What was there to think about? He was trapped.

Curtis sat back against the door and put his face in his hands.

Time passed and the world went on.

The world did its thing.

On Route 17, a few vehicles—mostly workhorses; farm trucks bound for either the markers in Sarasota or the whole-foods store in Nokomis, the occasional tractor, the postman’s station wagon with the yellow lights on the roof—trundled by. None took the turnoff to Durkin Grove Village.

Mrs. Wilson arrived at Curtis’s house, let herself in, read the note Mr. Johnson had left on the kitchen table, and began to vacuum. Then she ironed clothes in front of the afternoon soap operas. She made a macaroni casserole, stuck it in the fridge, then jotted simple instructions concerning its preparation—Bake 350, 45 mins—and left them on the table where Curtis’s note had been. When thunder began to mutter out over the Gulf of Mexico, she left early. She often did this when it rained. Nobody down here knew how to drive in the rain, they treated every shower like a nor’easter in Vermont.

In Miami, the IRS agent assigned to the Grunwald case ate a Cuban sandwich.

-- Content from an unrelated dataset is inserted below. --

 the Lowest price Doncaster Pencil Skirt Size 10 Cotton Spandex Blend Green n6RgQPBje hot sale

Instead of a suit, he wore a tropical shirt with parrots on it. He was sitting under an umbrella at a sidewalk restaurant. There was no rain in Miami. He was on vacation. The Grunwald case would still be there when he got back; the wheels of government ground slow but exceedingly fine.

Grunwald relaxed in his patio hot tub, dozing, until the approaching afternoon storm woke him with the sound of thunder. He hauled himself out and went inside. As he closed the sliding glass door between the patio and the living room, the rain began to fall. Grunwald smiled. “This’ll cool you off, neighbor,” he said.

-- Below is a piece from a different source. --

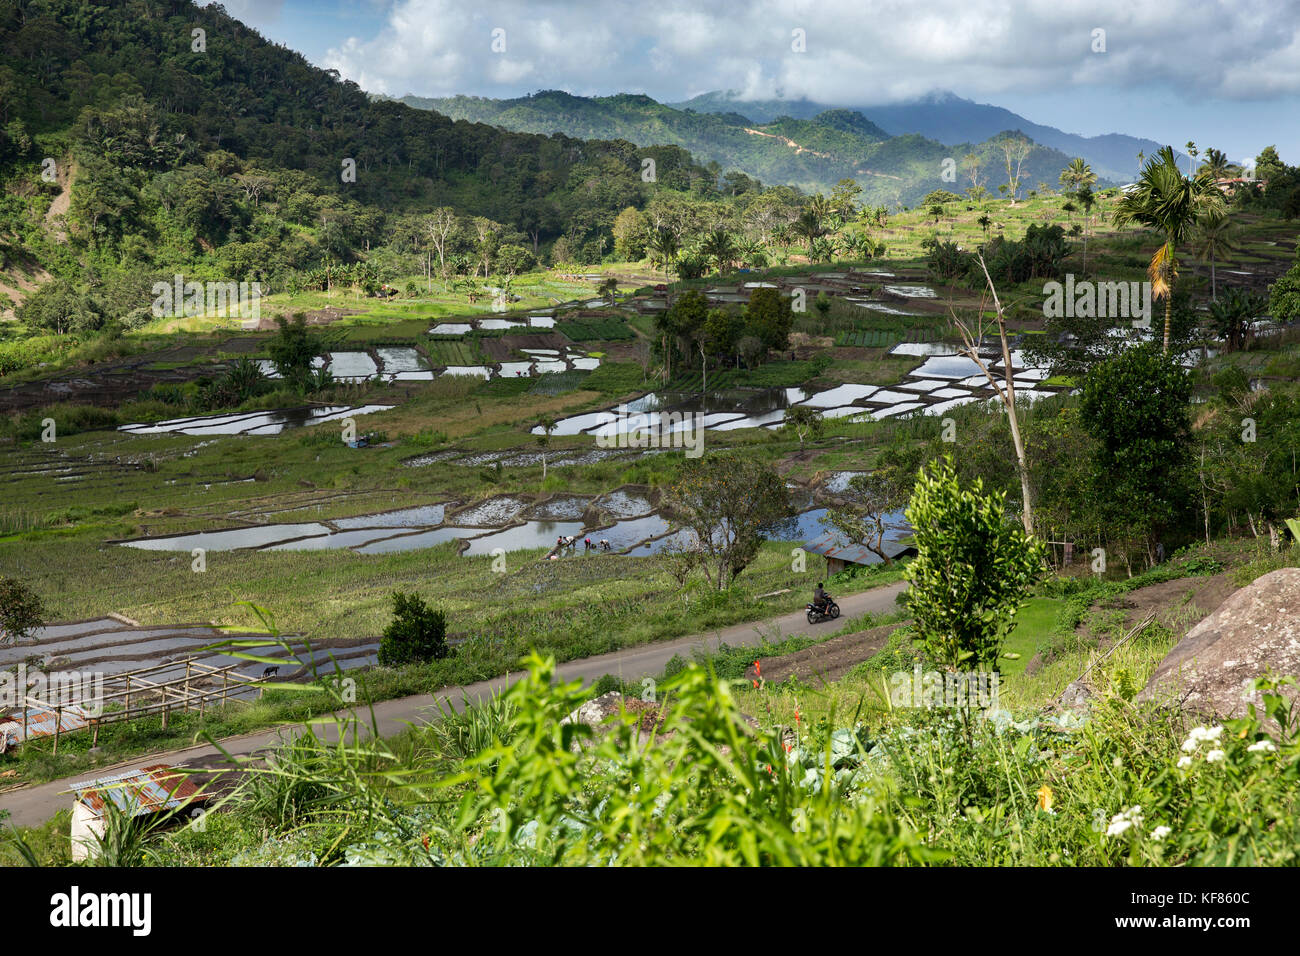 INDONESIA, Flores, a valley filled with planted fields of rice and produce in Waturaka Village Stock Photo
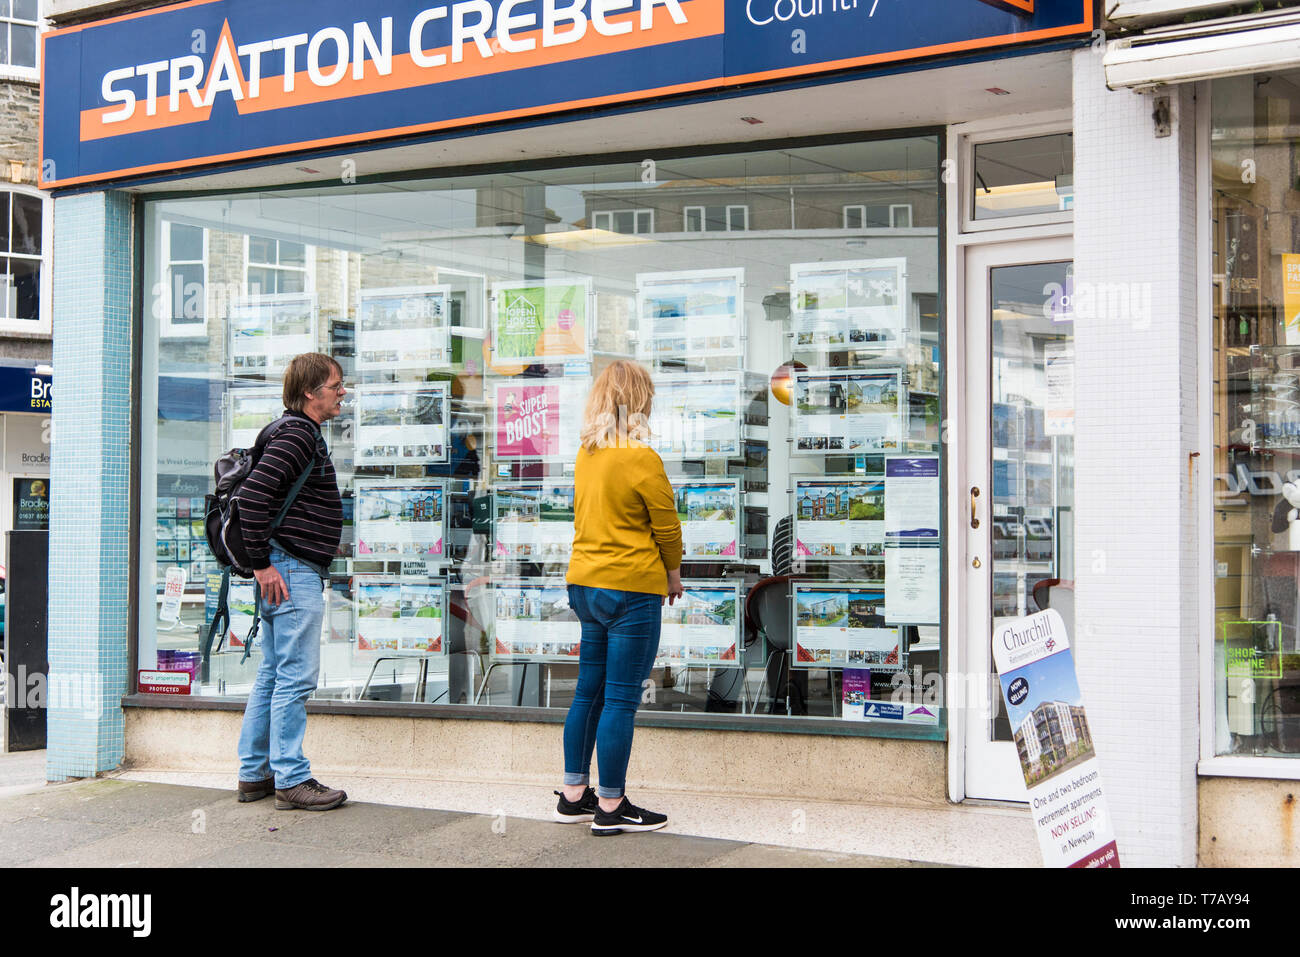 People looking at property information in a Stratton Creber Estate Agent window in Newquay Town Centre in Cornwall. Stock Photo

The crows had once more taken up station on the scaffolding which clasped the half-finished bank on three sides, but when thunder cracked almost directly overhead and the rain began to fall they took wing and sought shelter in the woods, cawing their displeasure at being disturbed.

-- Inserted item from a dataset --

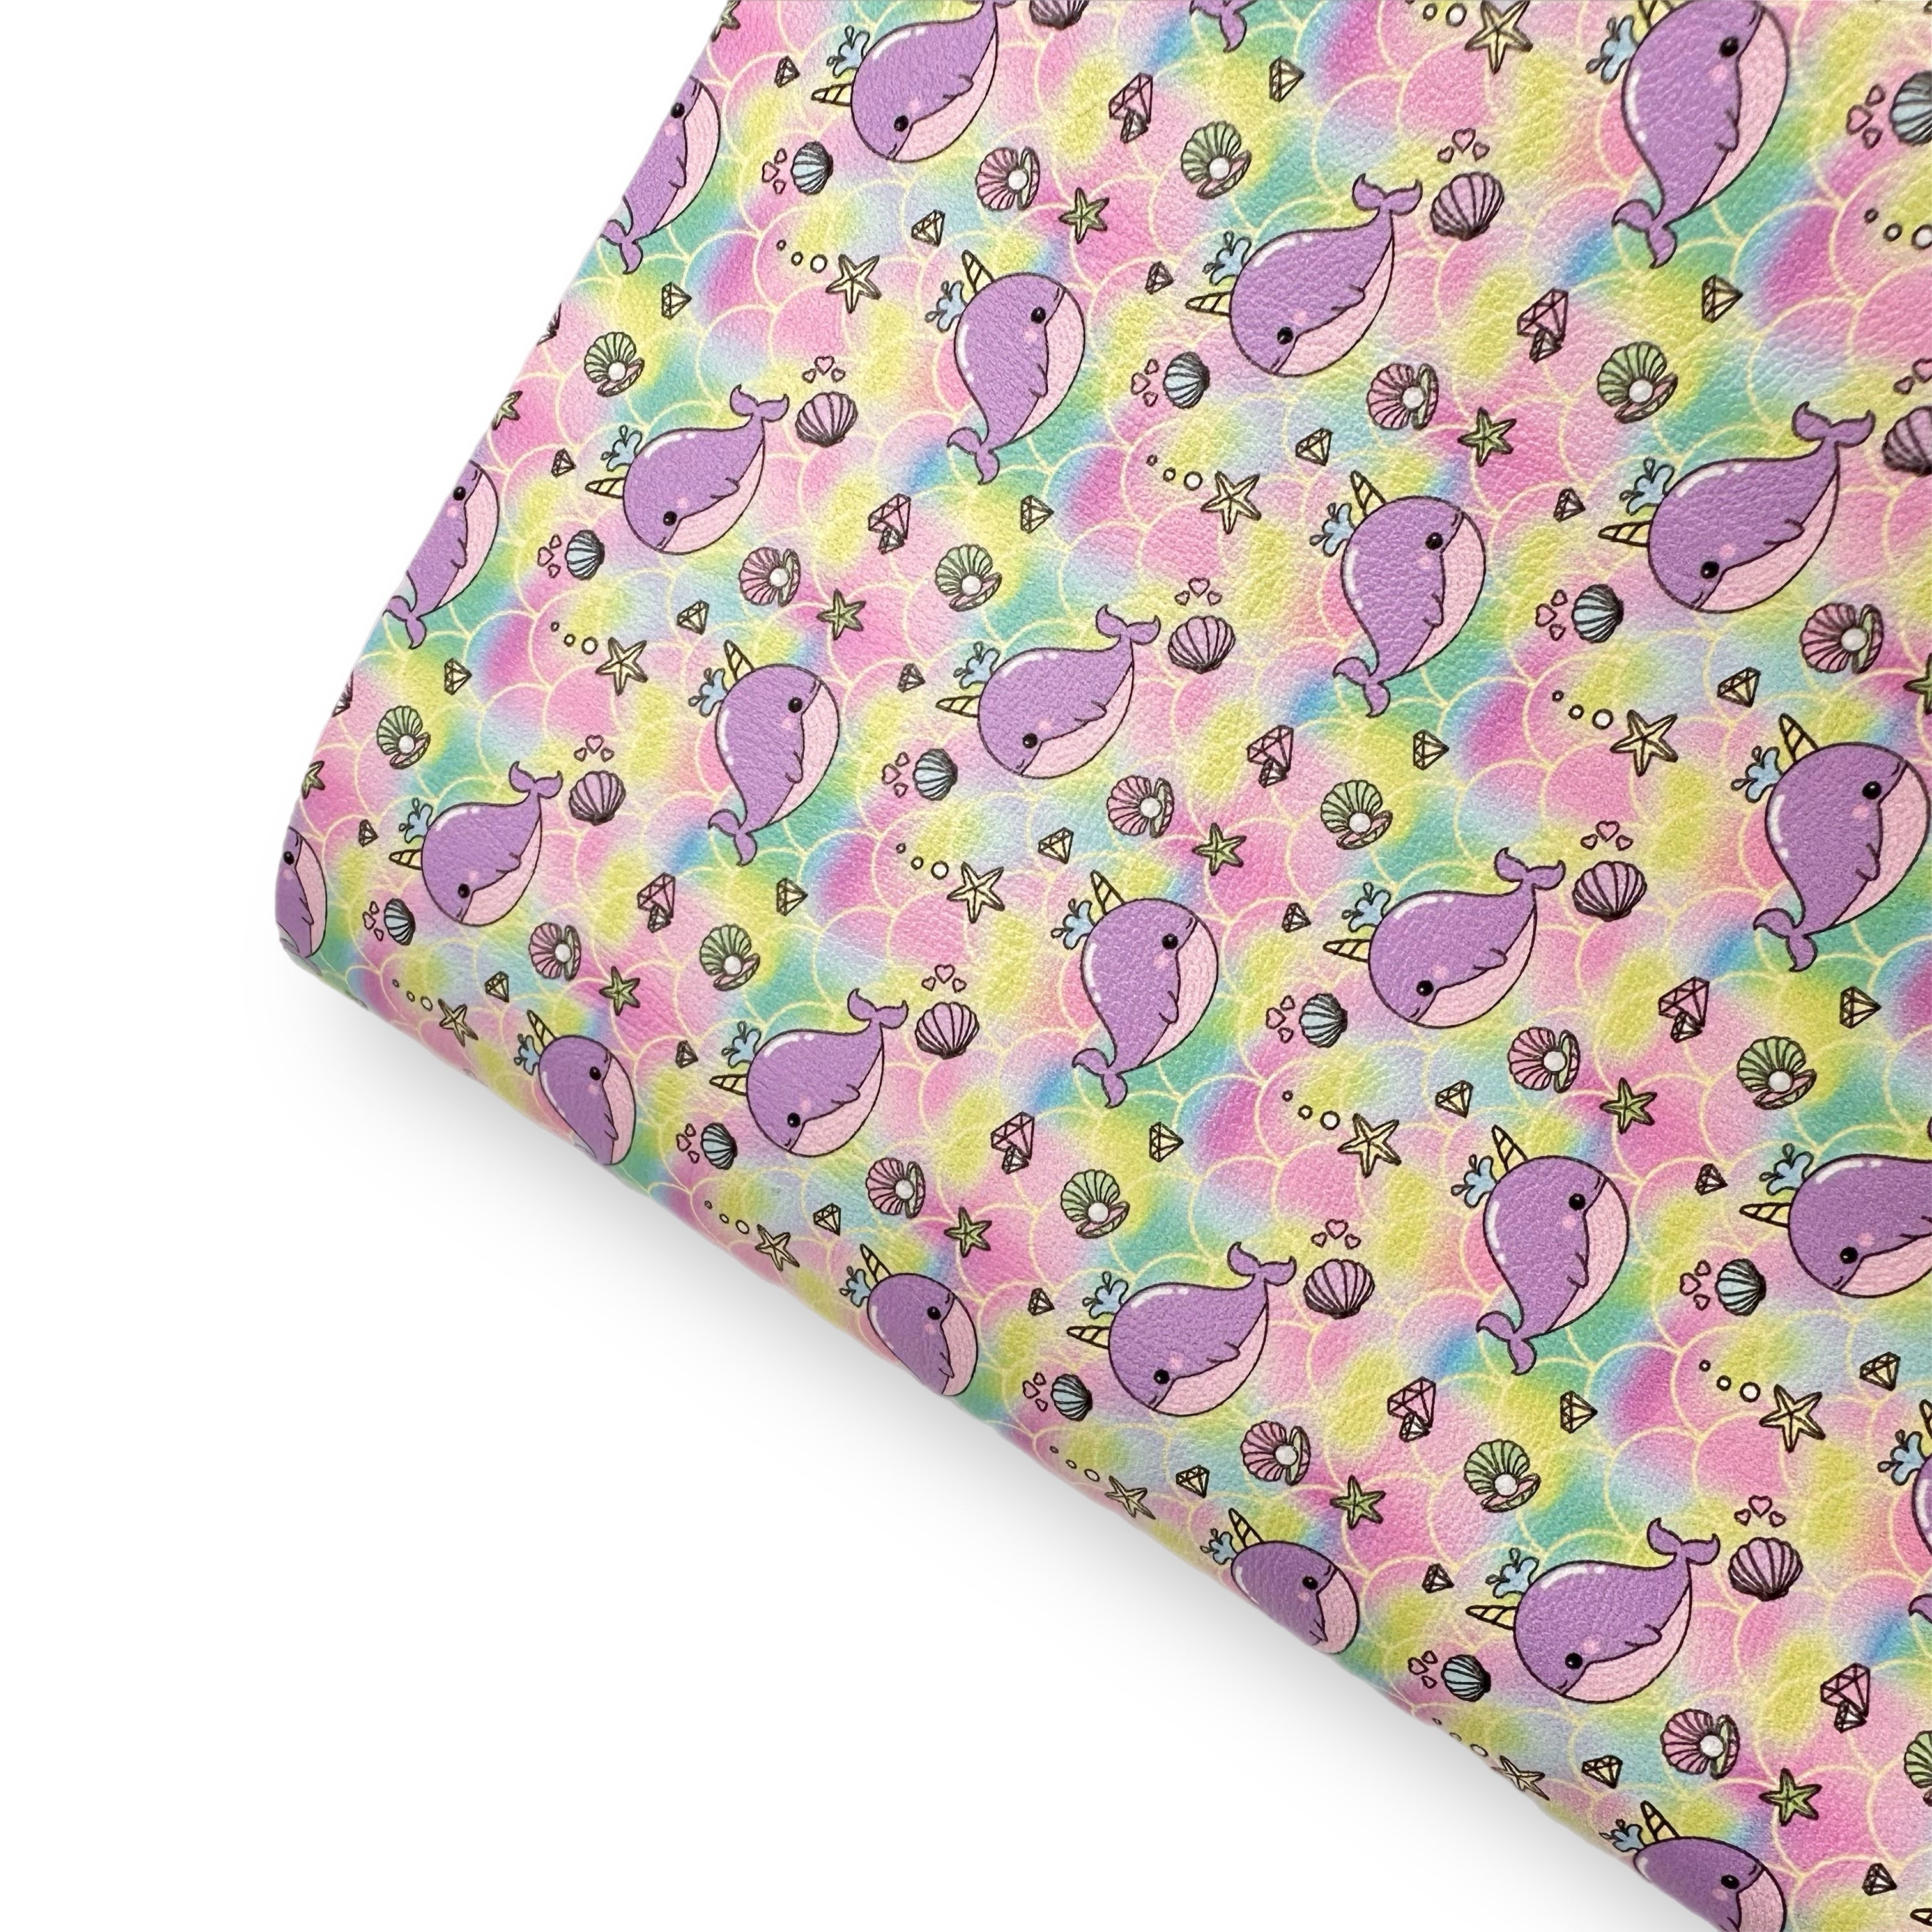 Pastel Narwhal Scales Premium Faux Leather Fabric

In the Port-O-San—it seemed he’d been locked in here for at least three years—Curtis listened to the rain on the roof of his prison. The roof that had been the rear side until The Motherfucker tipped it over. The rain tapped at first, then beat, then roared. At the height of the storm, it was like being in a telephone booth lined with stereo speakers. Thunder exploded overhead. He had a momentary vision of being struck by lightning and cooked like a capon in a microwave. He found this didn’t disturb him much. It would be quick, at least, and what was happening now was slow.